Our postgresql LOG is filled with these :

< 2019-05-21 00:00:00.284 CDT 127.0.0.1(53332) 11779 > ERROR:  duplicate key value violates unique constraint "t_dirs_pkey"
< 2019-05-21 00:00:00.284 CDT 127.0.0.1(53332) 11779 > DETAIL:  Key (iparent, iname)=(1986348275, prod_v08_00_00_01a) already exists.
< 2019-05-21 00:00:00.284 CDT 127.0.0.1(53332) 11779 > CONTEXT:  SQL statement "INSERT INTO t_dirs VALUES (parent, newid, name)"
        PL/pgSQL function f_create_inode(bigint,character varying,character varying,integer,integer,integer,integer,integer,bigint,integer,timestamp without time zone) line 6 at SQL statement
< 2019-05-21 00:00:00.284 CDT 127.0.0.1(53332) 11779 > STATEMENT:  SELECT f_create_inode($1, $2, $3, $4, $5, $6, $7, $8, $9, $10, $11)

with huge frequency.

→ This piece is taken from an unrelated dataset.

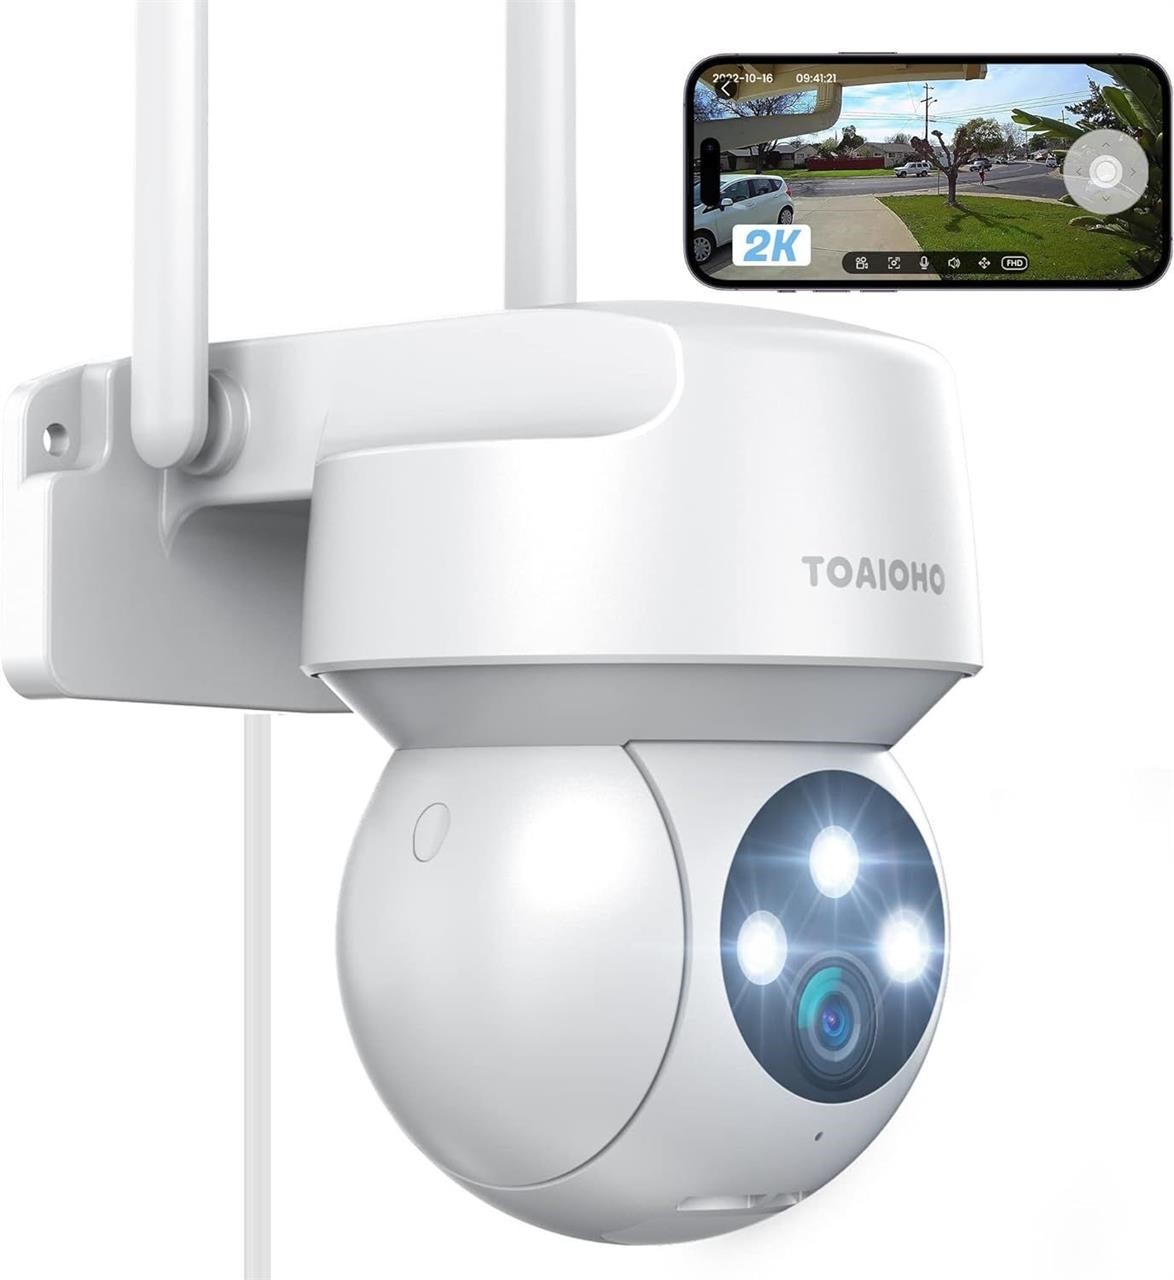 NEW $80 Outdoor WIFI Security Camera AI Tracker 2K

SAD

paulmillar commented 5 years ago

Are you sure these two are directly related? The first error talks about An I/O error occurred while sending to the backend (suggesting PnfsManager couldn't connect to the database), while the second talks about an update violates unique constraint (suggesting an attempt to create the same file within the database).